#### Material provided ####

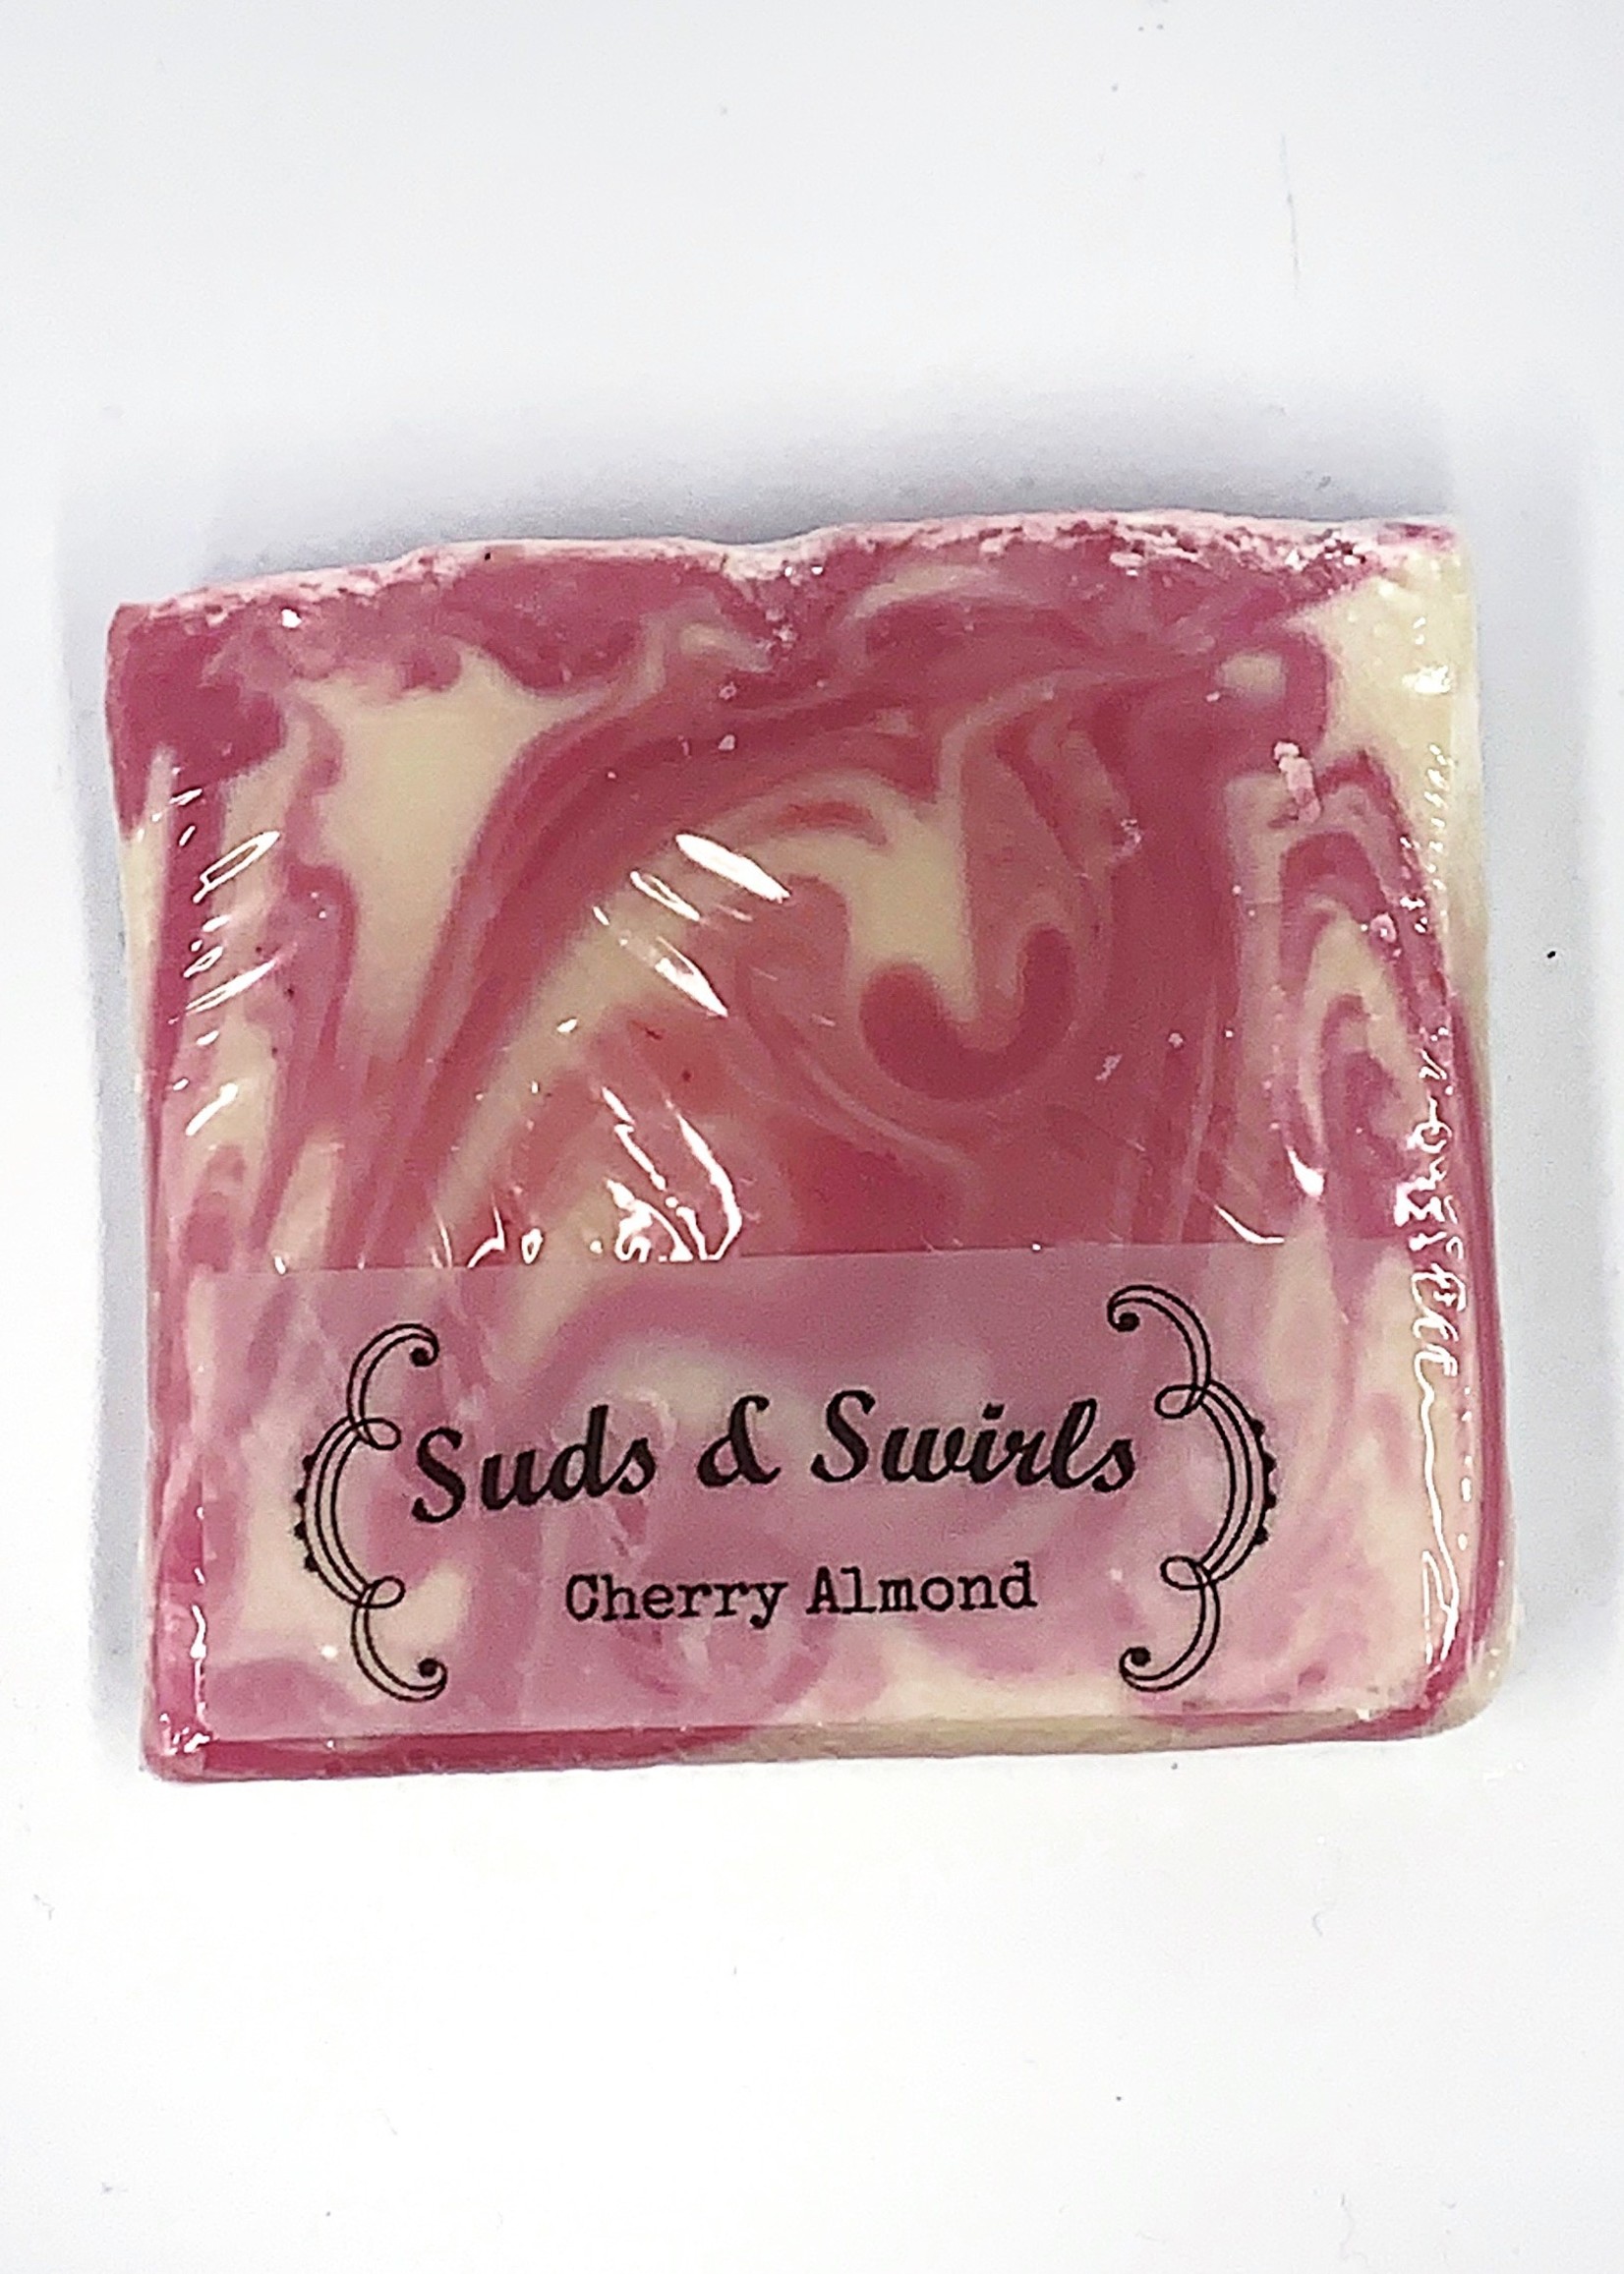 Suds & Swirls Cherry Almond
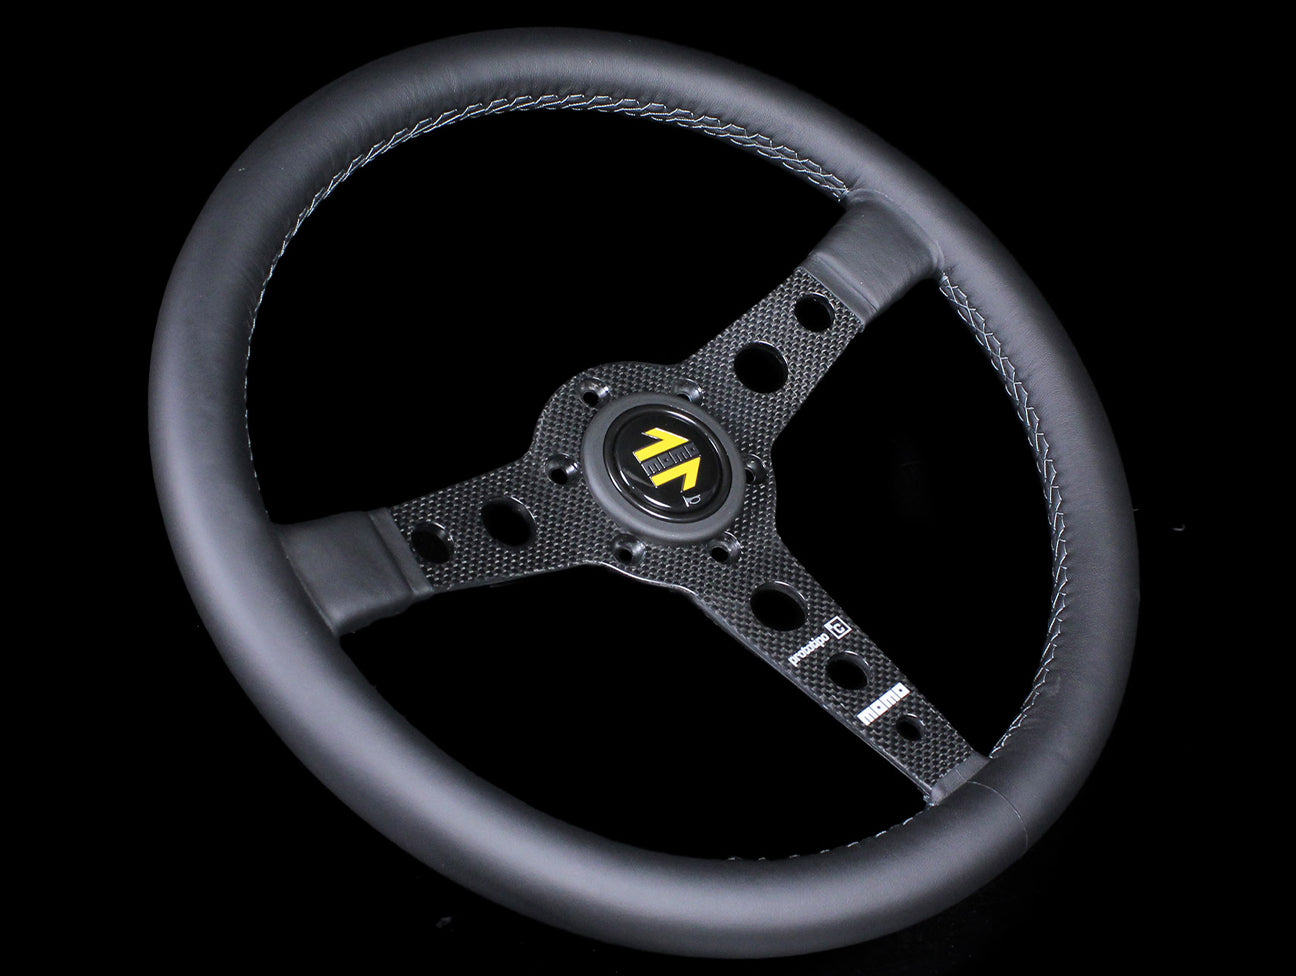 Momo 350mm Prototipo 6C Steering Wheel
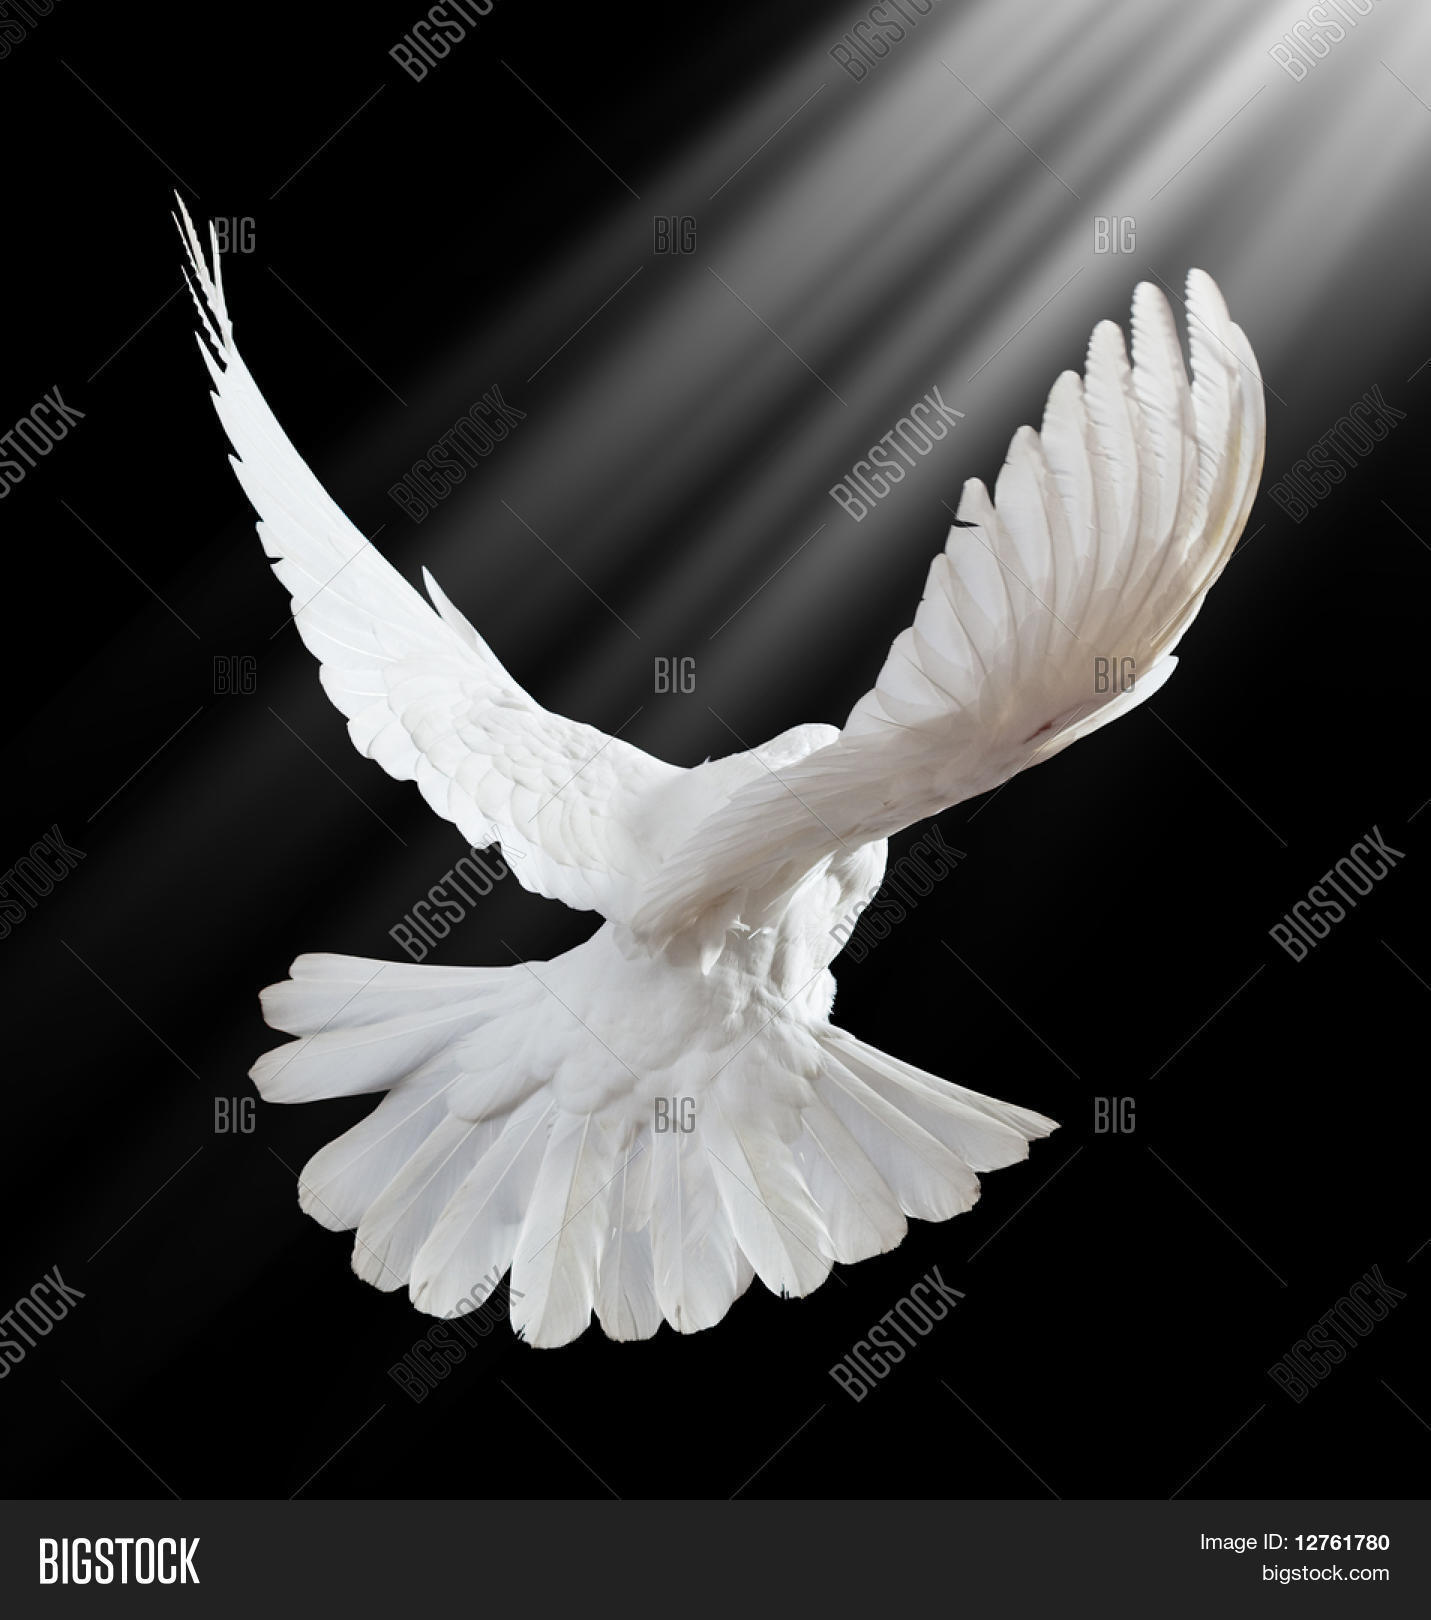 Free Flying White Dove On Black Image & Photo | Bigstock

####

■ How to complete this task ■
Only an exact copy of the lines from the one with "Momo 350mm Prototipo 6C Steering Wheel" through the last line of the listing should be given; pictures must not be included.

■ Expected answer ■
 Momo 350mm Prototipo 6C Steering Wheel
 Free Flying White Dove On Black Image & Photo | Bigstock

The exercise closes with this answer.